这是我的第一个Webscraping应用程序类型。
这是我的代码:
import bs4
from urllib.request import urlopen as uReq
from bs4 import BeautifulSoup as soup
my_url= 'https://www.newegg.com/Video-Cards-Video-Devices/Category/ID-38?Tpk=graphics%20card'
#opening up connection, grabbing page
uClient = uReq(my_url)
#makes it a variablepage_html = uClient.read()
page_html = uClient.read()
#will close it
uClient.close()
#html parsing
page_soup = soup(page_html, "html.parser")
#grabs each container in HTML
containers = page_soup.find("div",{"class":"item-container"})
filename = "Products.csv"
f = open(filename, "w")
headers = "brand, product_name, shippingn"
f.write(headers)
for container in containers:
brand = containers.div.div.a["title"]
title_container = containers.find("a", {"class": "item-title"})
product_name = title_container[0].txt
shipping_container = container.find("li", {"class": "price-ship"})
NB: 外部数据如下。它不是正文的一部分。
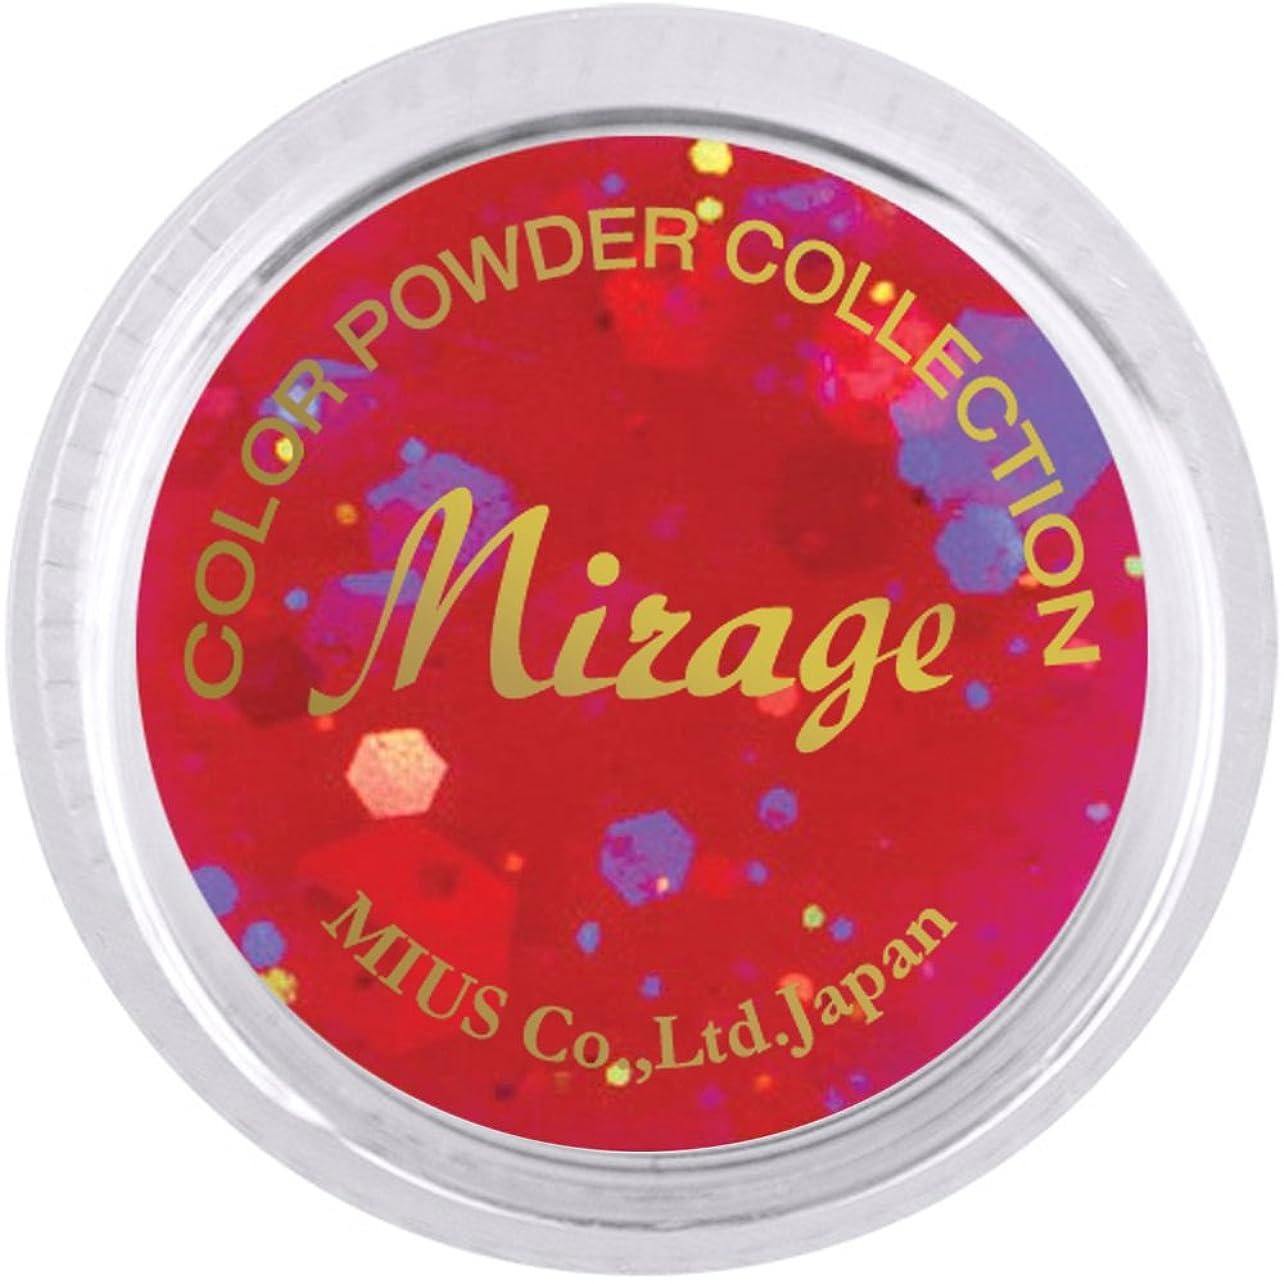 シーン部分的に潜在的なミラージュ カラーパウダー N/WG-6  7g  アクリルパウダー デカラメたっぷり元気なビビッドカラー

shipping = shipping_container[0].txt.strip()
print("brand: " + brand)
print("product_name: " + product_name)
print("shipping: " + shipping)
f.write(brand + "," + product_name.replace(",", "|") + "," + shipping + "n")
f.close()
这是错误:
Traceback (most recent call last):
File "<ipython-input-23-b9aa37e3923c>", line 1, in <module>
runfile('/Users/Mohit/Documents/Python/webscrape.py', wdir='/Users/Mohit/Documents/Python')
File "/anaconda3/lib/python3.6/site-packages/spyder/utils/site/sitecustomize.py", line 705, in runfile
execfile(filename, namespace)
File "/anaconda3/lib/python3.6/site-packages/spyder/utils/site/sitecustomize.py", line 102, in execfile
exec(compile(f.read(), filename, 'exec'), namespace)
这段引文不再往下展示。